◆ Exercise brief ◆
In the copy, include exactly the lines from the one with "July with its" through the end of the data and no others, both ends kept, with every picture left out.
START Source material
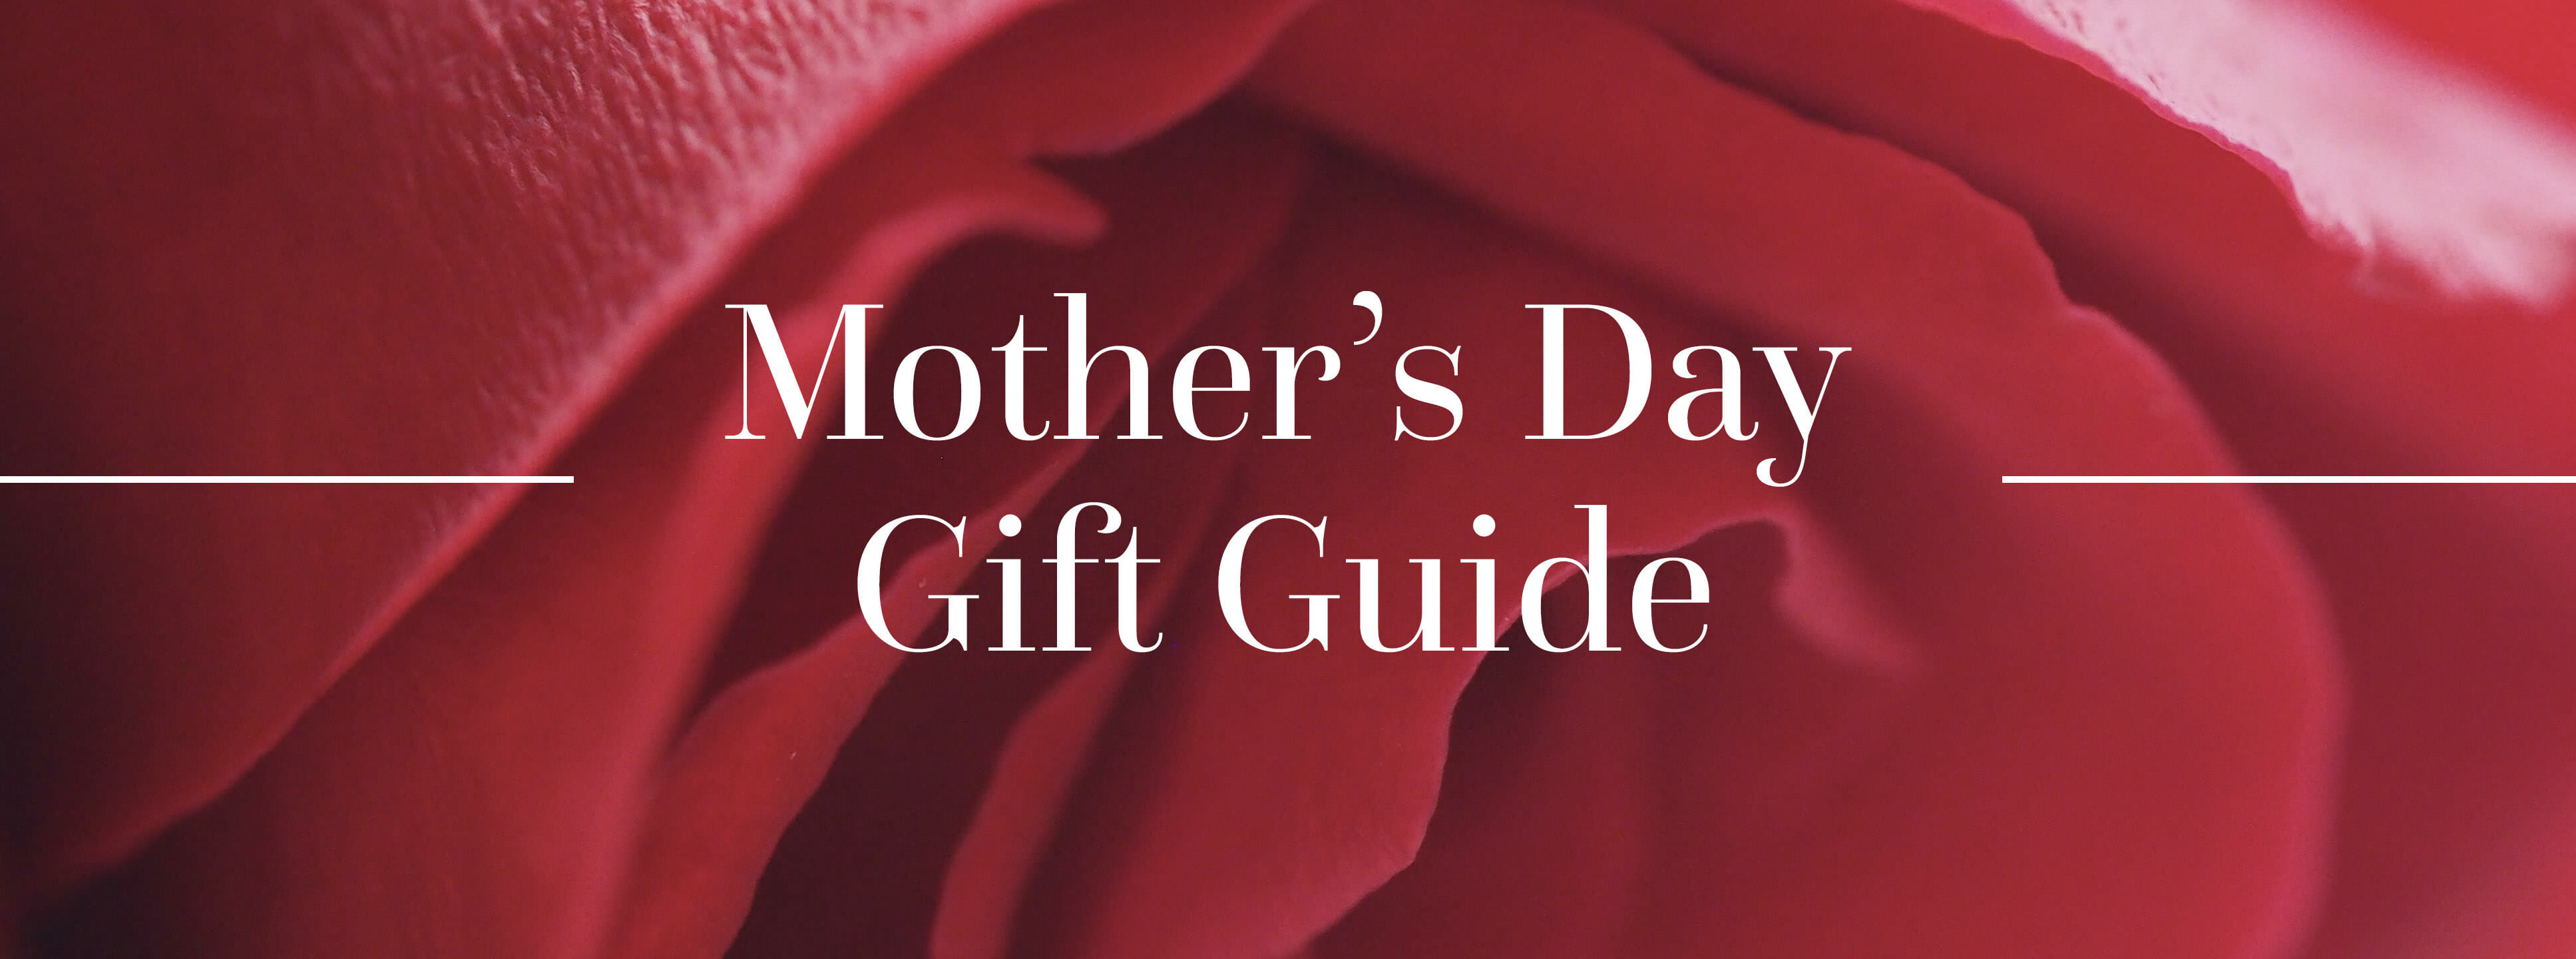 mothers day gift guide 2018
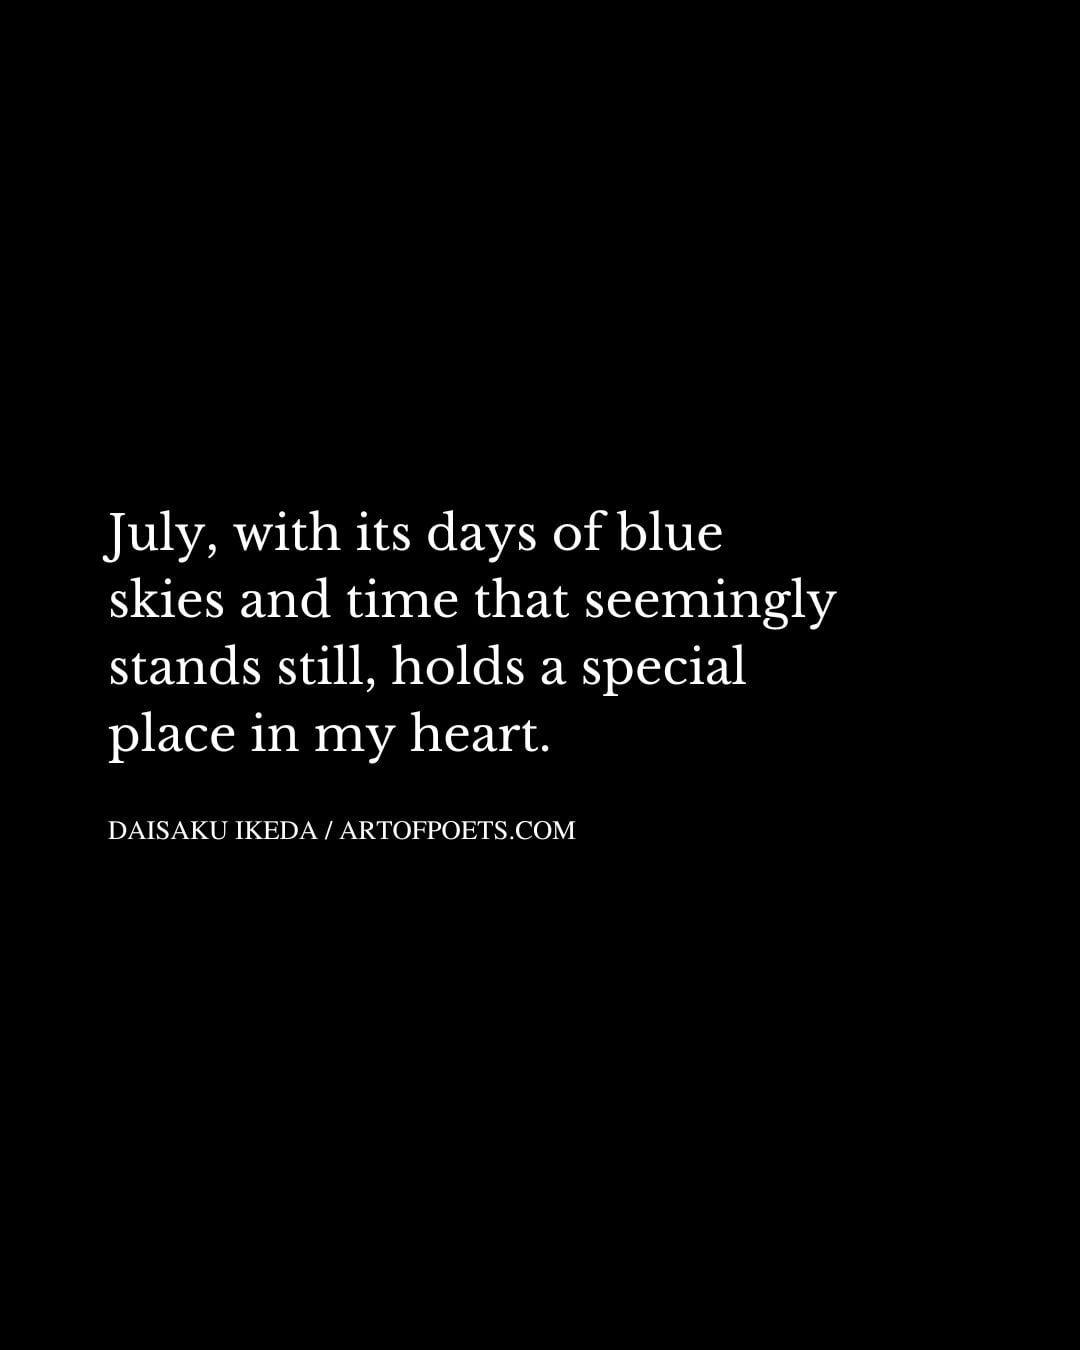 July with its days of blue skies and time that seemingly stands still holds a special place in my heart
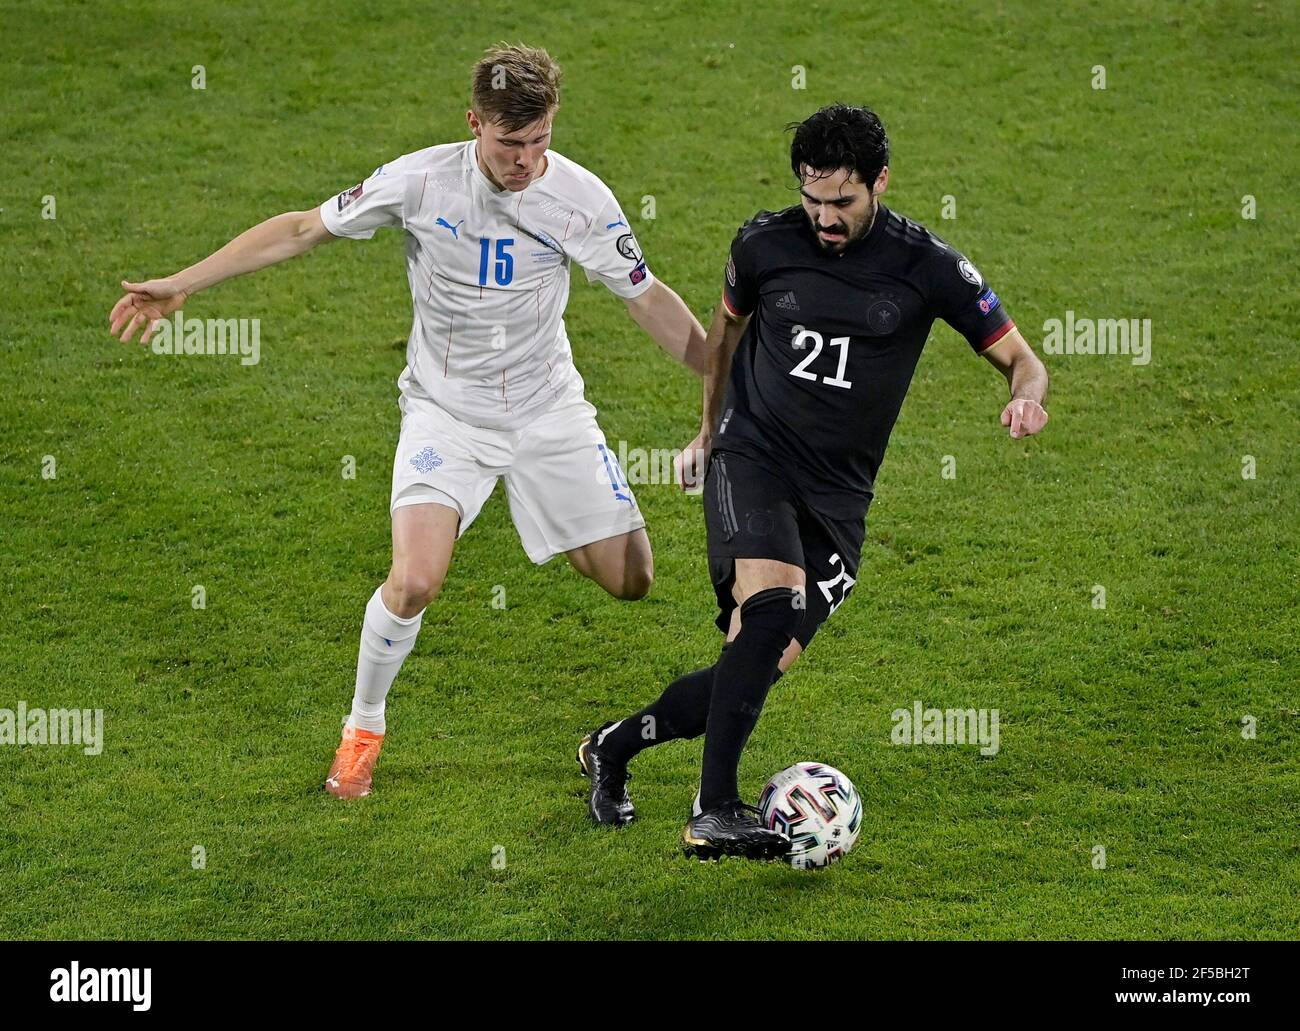 Soccer Football - World Cup Qualifiers Europe - Group J - Germany v Iceland - MSV-Arena, Duisburg, Germany - March 25, 2021 Iceland's Alfons Sampsted in action with Germany's Ilkay Gundogan REUTERS/Tobias Schwarz Stock Photo
END Source material
◆ Response area ◆
 July with its days of blue skies and time that seemingly stands still holds a special place in my heart
 Soccer Football - World Cup Qualifiers Europe - Group J - Germany v Iceland - MSV-Arena, Duisburg, Germany - March 25, 2021 Iceland's Alfons Sampsted in action with Germany's Ilkay Gundogan REUTERS/Tobias Schwarz Stock Photo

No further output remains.